We did manage to get her into some Depends, though. I honestly thought that Depends would not be anywhere near as appealing as the created-with-the-AB-kink-in-mind Bambinos. However, I was surprised to find that they hugged her behind rather well, and I must admit that, seeing her standing in front of me, pigtails in her hair and stuffed toy in hand, wearing absolutely nothing apart from a big, soft, white nappy absolutely gave me the most raging horn, which we were only too glad to act upon.

What surprises me though is that I honestly didn't expect to be able to throw myself so easily into the daddy role and engage in some daddy/little girl play like that. I'm glad to have found some play that we both enjoy, but I still find it strange that I'm increasingly becoming at ease - more than that: enjoying - being the adult caretaker in ageplay/adult baby play. It's certainly interesting, and Kitty and I are still talking through what this means to us and the future of our play with this kink (Kitty is equally, perhaps more, freaked out by the ease with which she slips into the 'baby' role, something she never had thought would appeal to her) but I guess we'll find out what becomes of our discussions of that in the future.

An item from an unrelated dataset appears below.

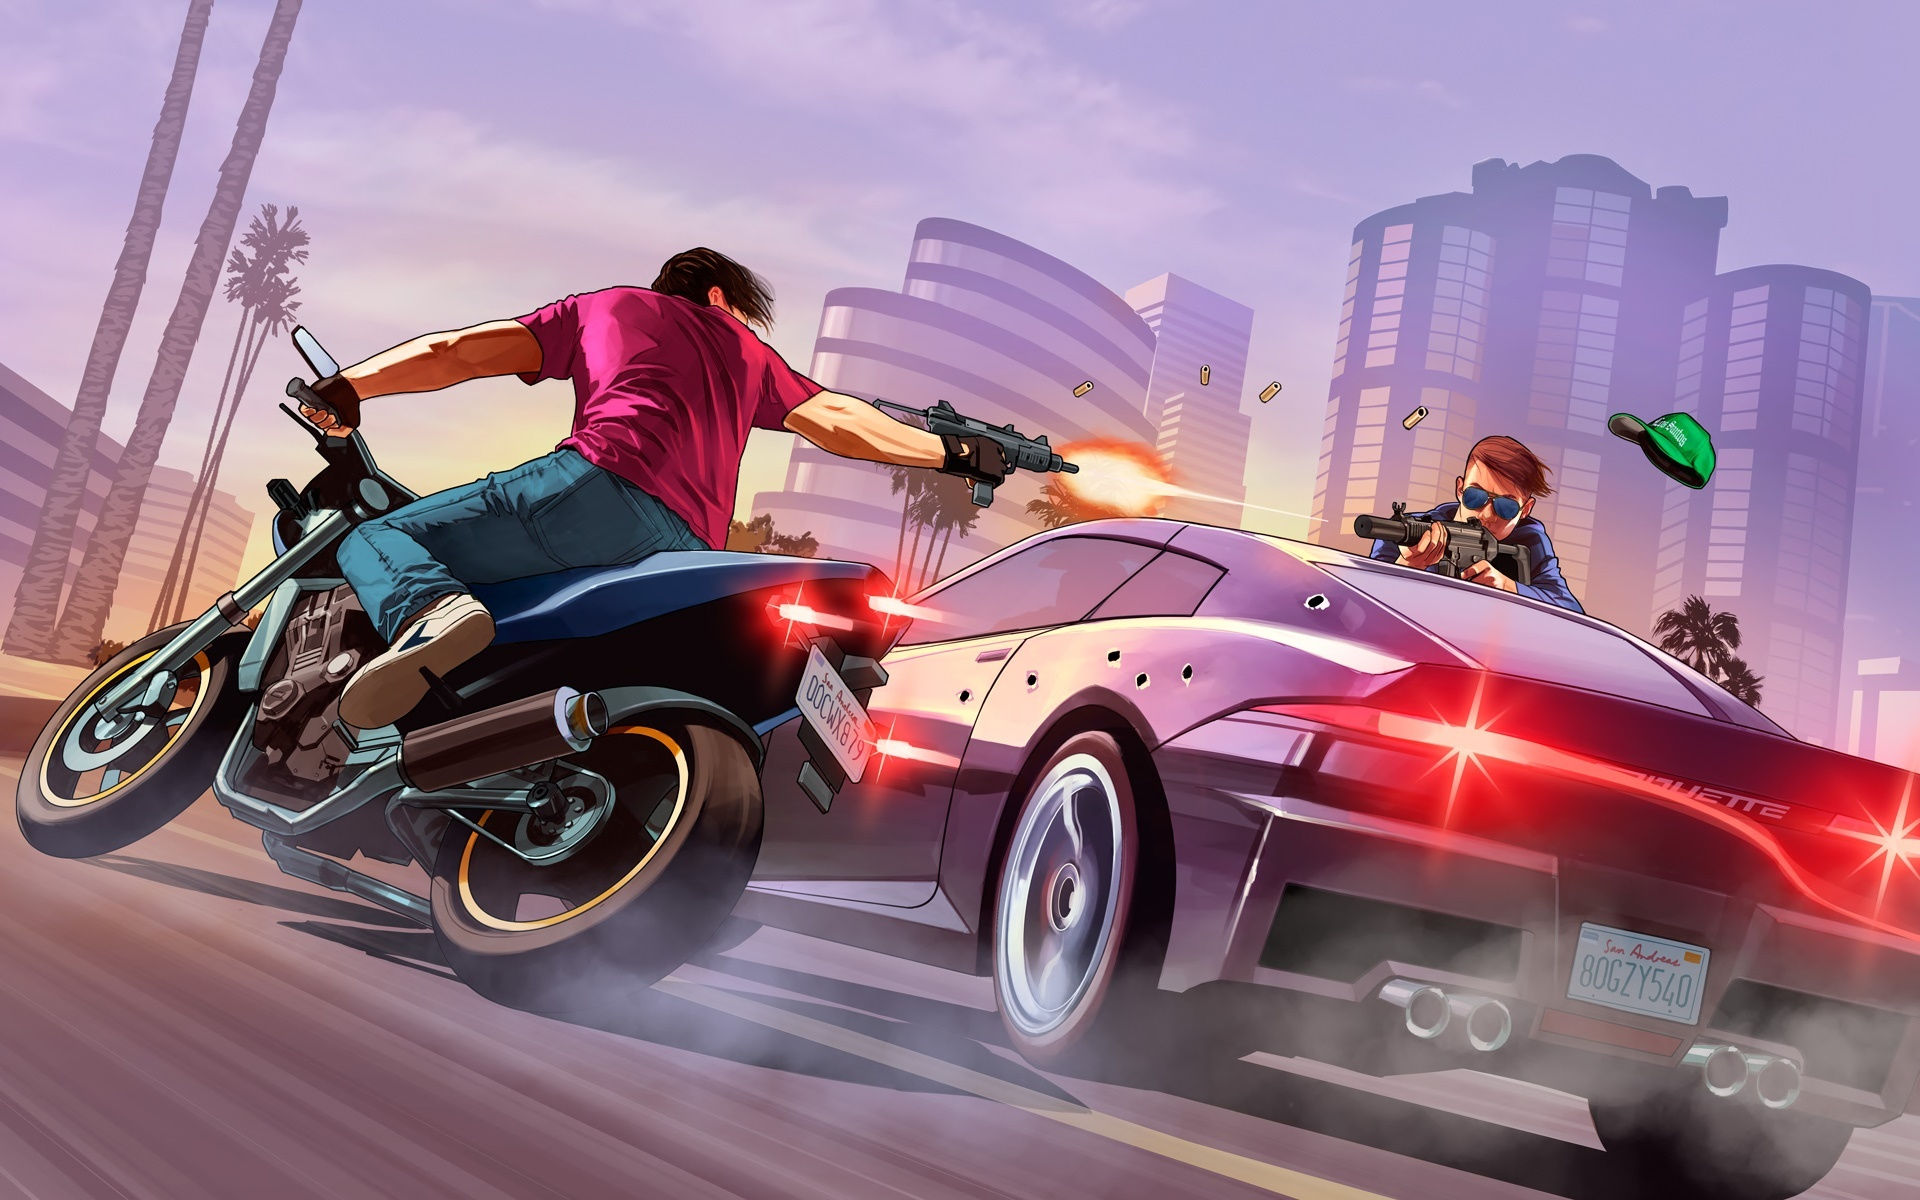 Alleged Grand Theft Auto 6 gameplay leaks online

So yeah, phew, a nice, ageplay-themed weekend. And, it seems, one of many to come.


*Oh, and on the subject of the Bizarre Ball, I would just like to say that the photos of Kitty and I in our little kid/adult baby-style outfits were not featured in the Ball photo round-up printed in the latest issue. However, someone in an 'adult baby' outfit that basically amounted to lots of nubile flesh and nearly-completely-visible tits did get featured, twice. More accurate portrayal of the fetish loses out to a blonde-girl-with-her-tits-out, 'sexy' appropriation of it. Grrr. (Ok, minor pissing rant over).